» **Dataset entries**
******************************

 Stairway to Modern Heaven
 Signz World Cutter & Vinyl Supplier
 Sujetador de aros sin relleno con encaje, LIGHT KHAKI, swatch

******************************

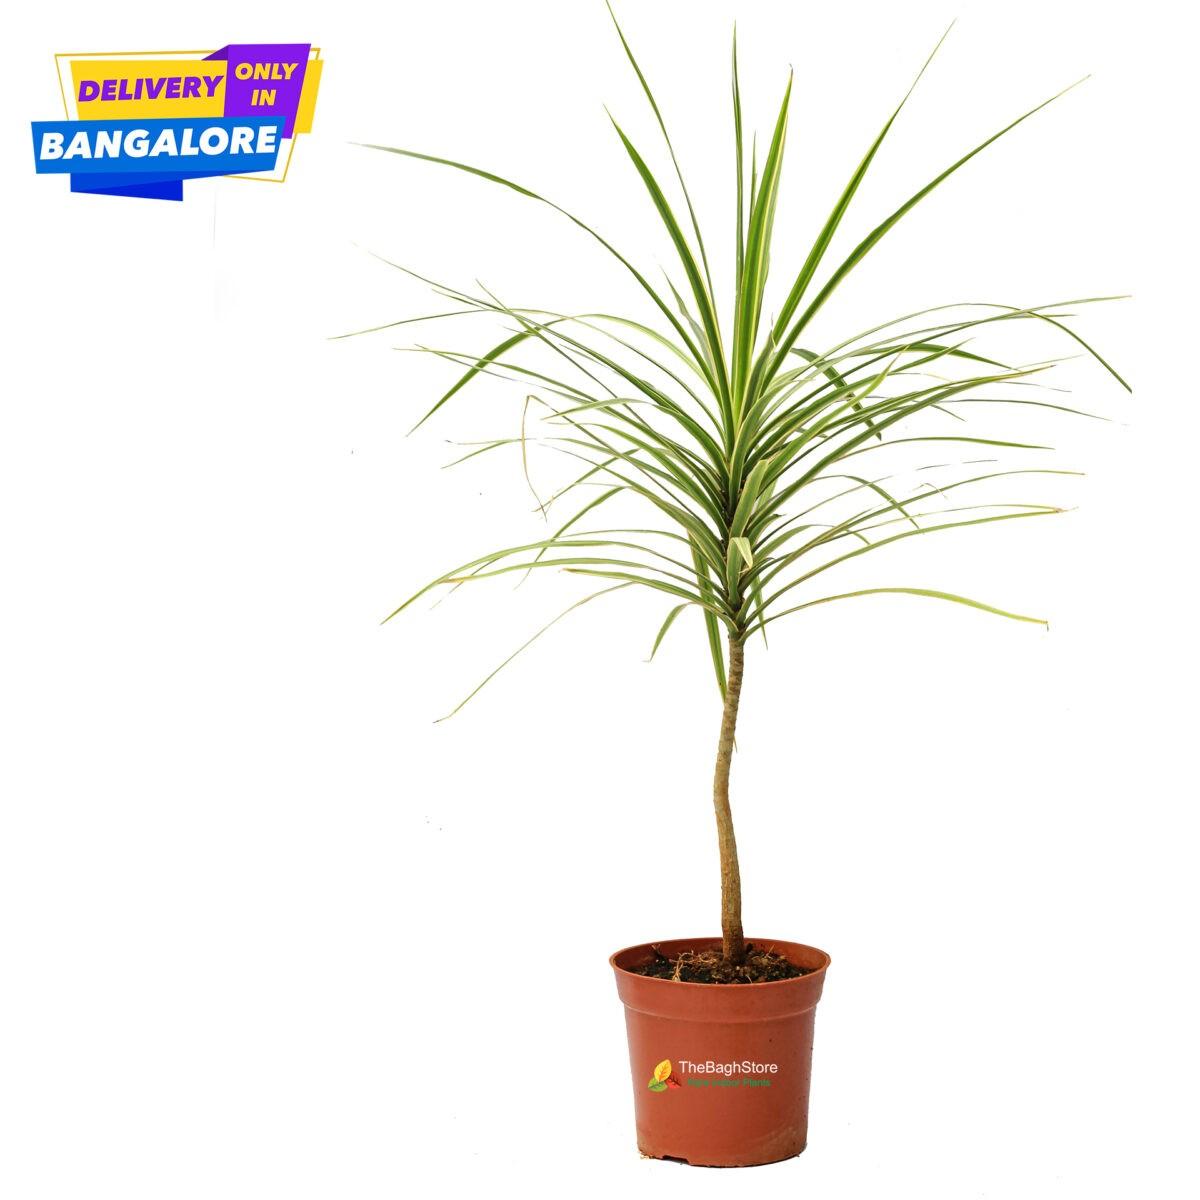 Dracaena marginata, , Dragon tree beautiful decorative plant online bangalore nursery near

******************************

» **Your goal**
Retype exactly the lines above, from the one with "Stairway to Modern Heaven" through the one with "Sujetador de aros", inclusive.

» **Exercise response**
 Stairway to Modern Heaven
 Signz World Cutter & Vinyl Supplier
 Sujetador de aros sin relleno con encaje, LIGHT KHAKI, swatch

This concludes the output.